I've deleted the 3rd, or sometimes disabled it. I disable the 2nd (onboard
video)

When the TV Out is enabled from the Advanced, ATI "displays" tab and it is
OK'd and closed #1 changes:

1.) (Multiple-Monitors) on ATI Radeon 9250

The Advanced, ATI "displays" tab seems to be the place to enable TV OUT
monitor or not. There is no other TV Monitor which appears. * Unless this is
my mistake right here. The 3 are all supposed to exist. I am supposed to
configure the TV OUT on the #3 one, but not on the #1 one?
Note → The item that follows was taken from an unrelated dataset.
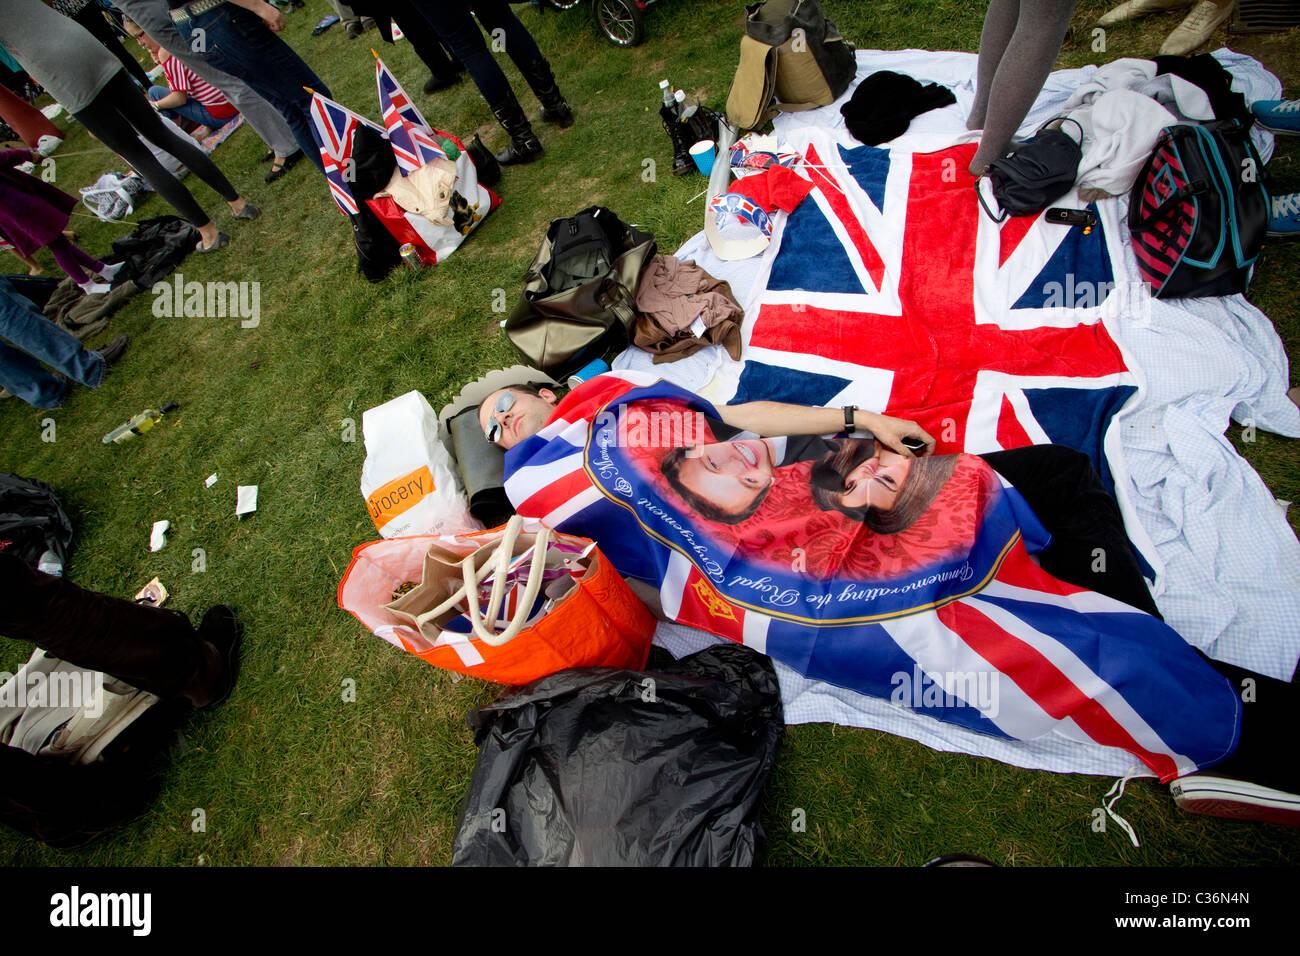 royal wedding reveller asleep under flag of Catherine Middleton and Prince William hyde park - Stock Image

But I don't think that is possible. Out of three ONE has to be the Primary
Display which holds the Windows Desktop normally. If you enable other ones
they can only be "Extended Desktops" and you cannot see the main things in
Windows from them. I cannot seem to have two Primary Display out of the 3.
(assume #2 onboard is disabled).
You should not have to watch the monitor at TV settings, therefore, and
similarly, the TV should come up with its correct settings even if the
monitor is also connected to the VGA out.
* I would tend to agree. But all I come up with is 1 Primary Display which
has in the Advanced, (ATI tabs) Displays ... the capability of turning on TV
output.

How are you connecting the TV, are you using the Composite or S-Video out
sockets?

* I've tested both. Off site I ran it here with Composite Video Out through
a VCR to a TV. The only problem I saw was the "Video Overlay" you have to
turn off Video Overlay to the Monitor in order to view MOVIES on the TV
screen. I don't remember exactly where that was but I know I had to keep
toggling it to change the video of movies between the monitor or the TV
screen. (I assume that's a different issue, but I haven't explored it in
depth. I assume if I installed on a different computer here, and then went
back to the site [a yacht in a marina] that the drivers install there would
reset all of the settings. Anyway I'm pretty sure I left the overlay back on
the monitor after testing off site.)

On the actual site we are using the S-Video Output for TV. Because we
already had an RF Modulator that takes S-Video inputs only.
You are not trying to use one of the VGA/DVI connectors with an adaptor
are you?

* Not using any adaptors at all. The video jack on back of ATI Radeon 9250
PCI is a Standard VGA monitor jack. The other end is the same, standard VGA
monitor jack. No DVI is in use. We are using normal Analog.
Let's break this down step-by-step.

* I hope I've laid it out pretty good. Maybe you are on to something here,
or helping me be on to something. Why is the installation creating 2 ATI in
the Display properties in addition to the Onboard Intel Video? Is one of
them supposed to be configured independantly as the TV OUTPUT and the other
as the MONITOR output? If so, how do you get them both to be a Primary
Display in Windows XP? It doesn't seem possible.

I'm gonna read again the manual for the ATI 9250 and see if I see anything
there. Thanks for the reply and thoughts and questions.